Kamu kurumlarında işgücü verimliliği düşüktür: Bu konuya Devlet Tiyatroları Genel Müdürü Tamer Karadağlı’nın sözleri ile başlıyoruz. Siz onu TV ekranlarında “Taşfırın erkeği Haluk” olarak tanıyorsunuz. Sözleri aynen şöyle.
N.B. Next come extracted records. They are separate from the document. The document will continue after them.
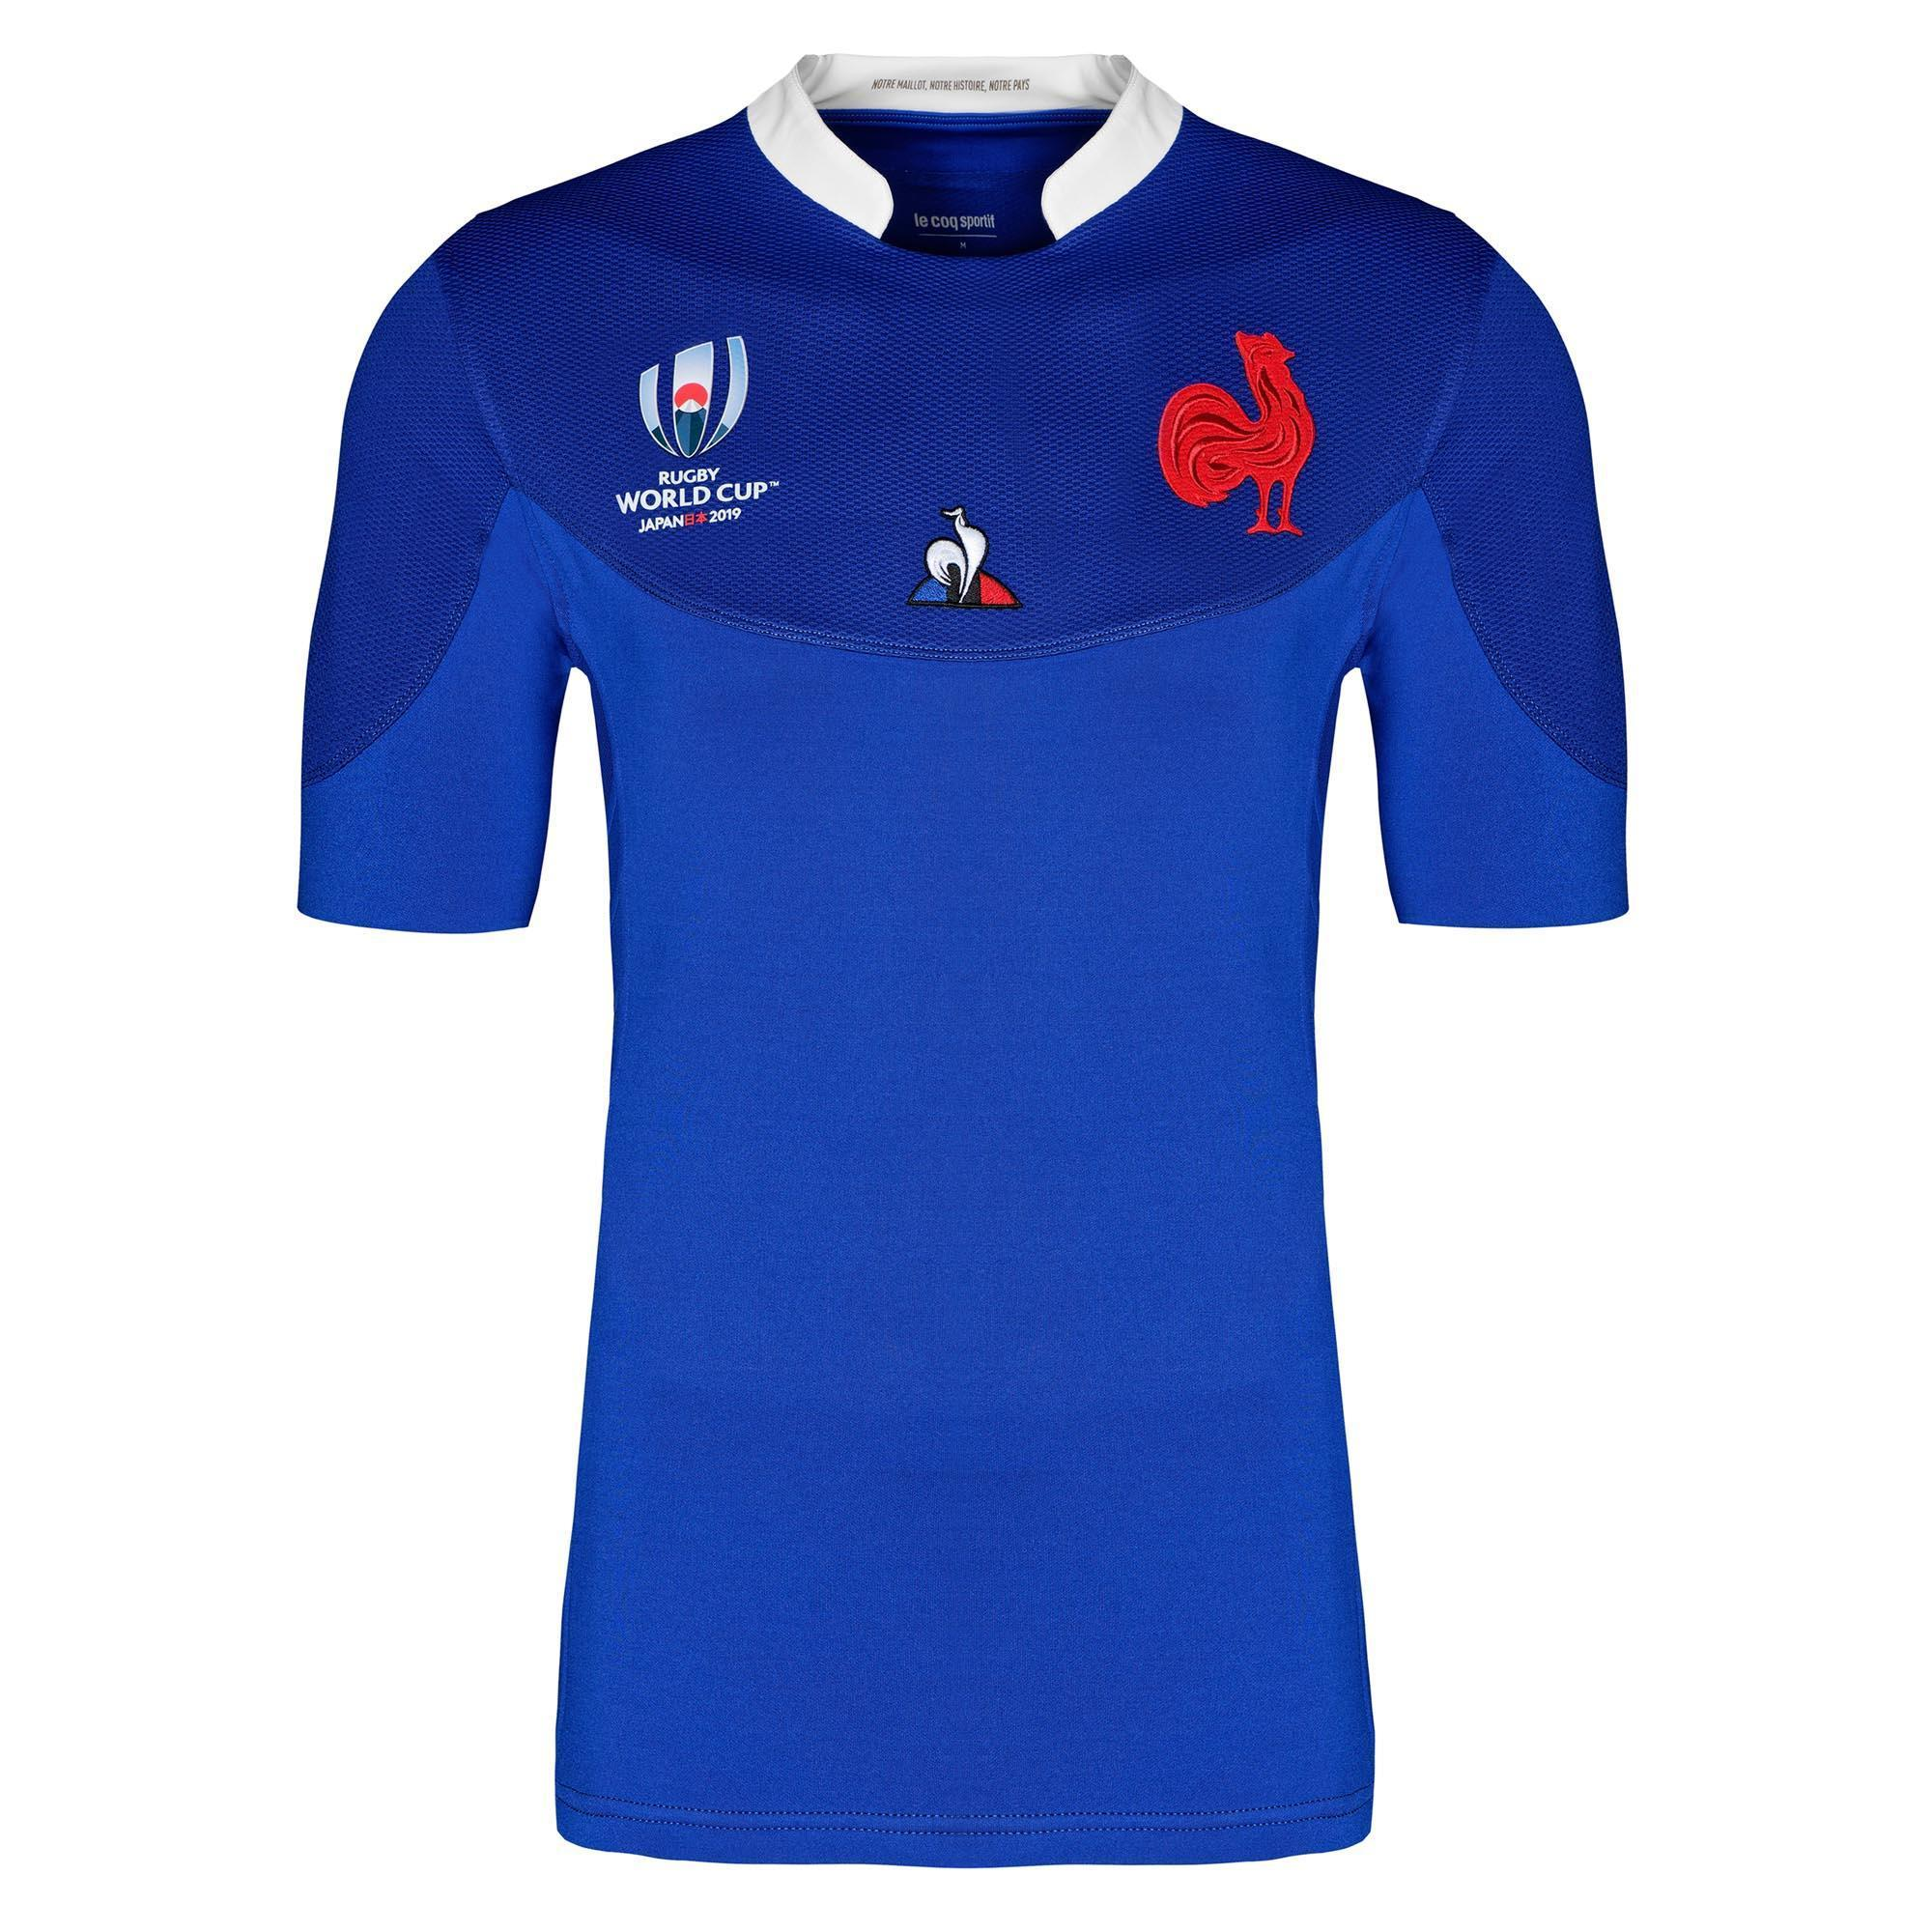 Maillot de rugby replica FFR XV de France
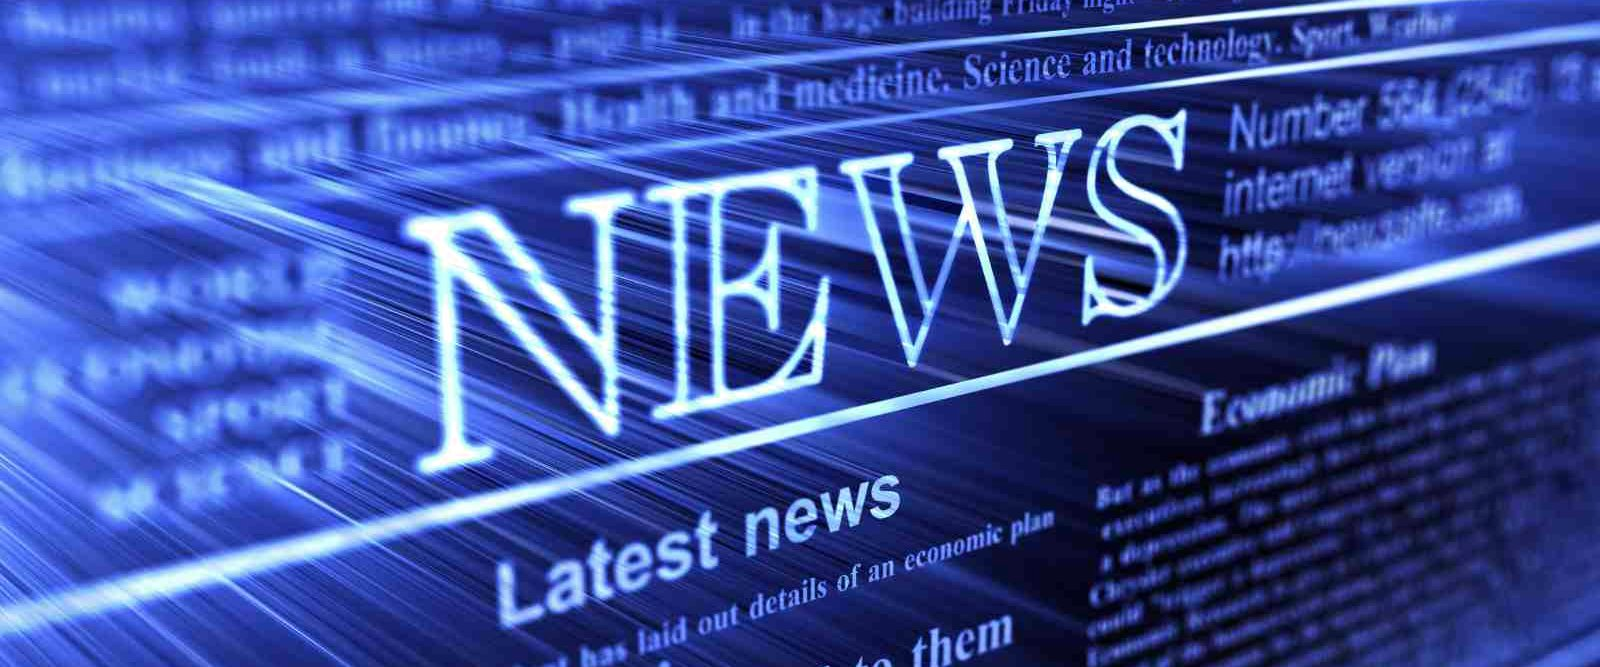 Kenya Holidays - News
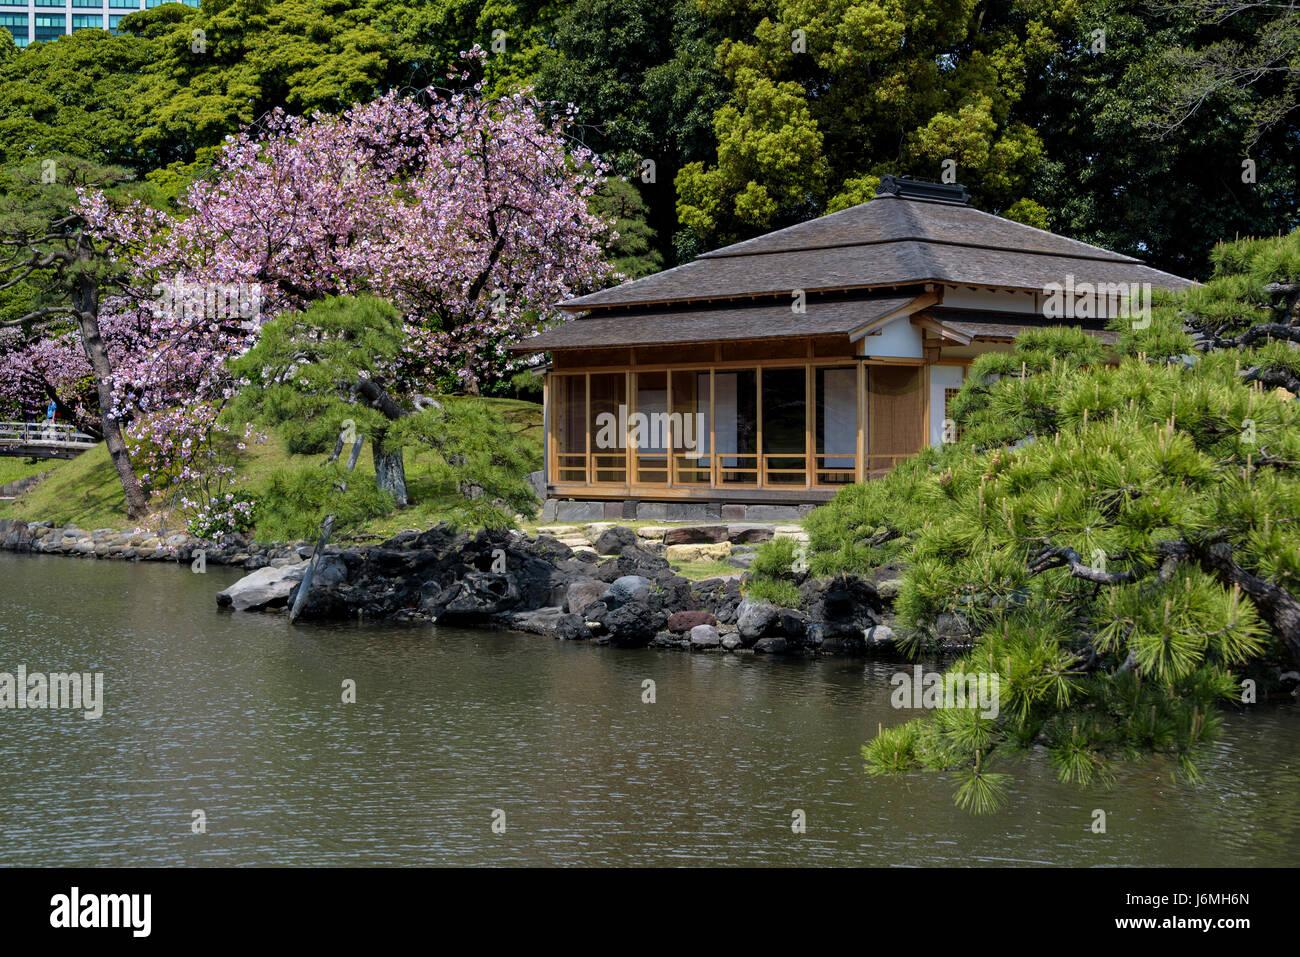 Tetería trague o no Tsubame Ochaya, Hama Rikyu jardines japoneses. Imagen De Stock
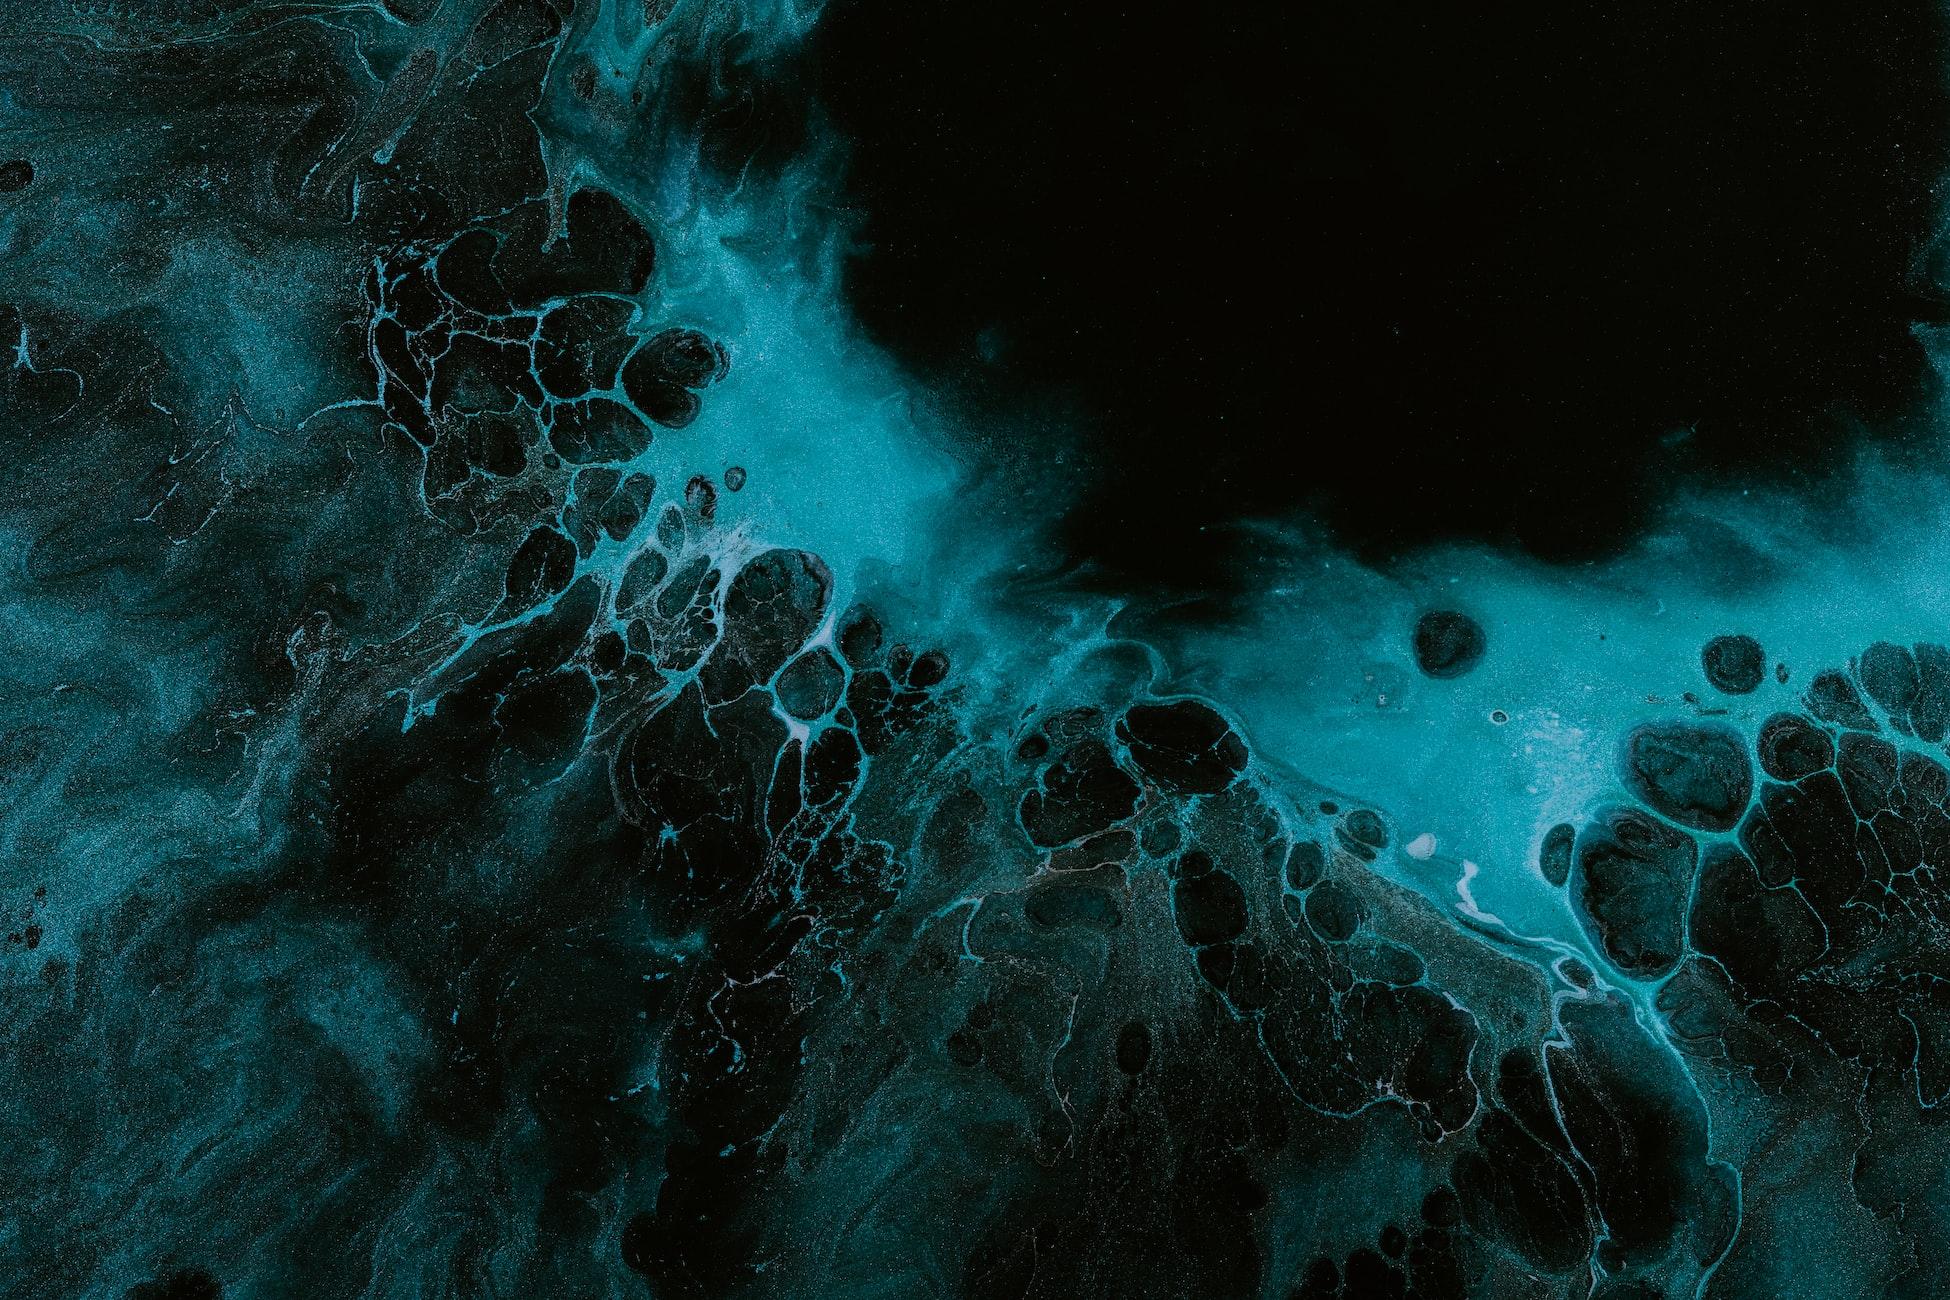 Insomnia: Cauze și tratament

Kimsenin oturup yıllarca sadece maaş alıp ama ‘ben oyuncuyum’, ‘ben tiyatrocuyum’ demesi doğru gelmiyor. Çalışmayacaksanız ‘istifa edin’ diyorum. Hakkaniyetli olmaya çok özen gösteriyorum." Birçok arkadaşımıza, ‘gidin dizi-filmlerde oynayın, para kazanın, görünür olun, isminiz marka değeri taşısın’ diyorum. Bunu destekliyorum. Herkese de izin veriyorum. Ama sözleşmelerinde ‘asli görevinizi aksatmamak’ kaydıyla. Bazı oyuncularımız 15 sene boyunca oynamamış. Dışarıda dizi çekiyor, kendi özel tiyatrosu var, maaş alıyor ama çalışmıyor. Bunlar istifa ettiler. Lale devri bitti. Sayıları çok fazla değildi. Çalışmak isteyen çok fazla oyuncu var. Çalışmayan oyuncunun teşviklerini ödemiyorum.”

Bu sözü neden mi paylaştım? Çünkü kamu kurumlarının genel bir sorununu güzel biçimde özetliyor. Kamu kurumlarında işgücü verimliliği düşüktür. Bakın devlet tiyatrosunda adamlar yolunu bulmuş, 15 sene boyunca bir tane tiyatro oyunu oynamamış. Sizce özel sektörde böyle bir şey olabilir mi? 15 sene boyunca yan gelip yatarak maaş alan biri olabilir mi? Üstelik bu tiplere sorsan Devlet Tiyatrolarından düşük maaş aldığından, ülke ekonomisinin kötülüğünden falan bahseder. Hiçbirinin “15 sene boyunca çalışmadığım halde maaş aldım, benim gibiler nedeniyle ülke ekonomisi zarar görüyor” diye düşündüğünü sanmıyorum. İşgücü verimliliği düşük olduğu için memurlar da düşük maaş alırlar. Kemal Sunal filmlerini izleyerek 1970 ve 1980’lerin memurlarının yaşam standartları hakkında fikir elde edebilirsiniz. Geçinebilmek için ek iş yapan memurlar bile vardı.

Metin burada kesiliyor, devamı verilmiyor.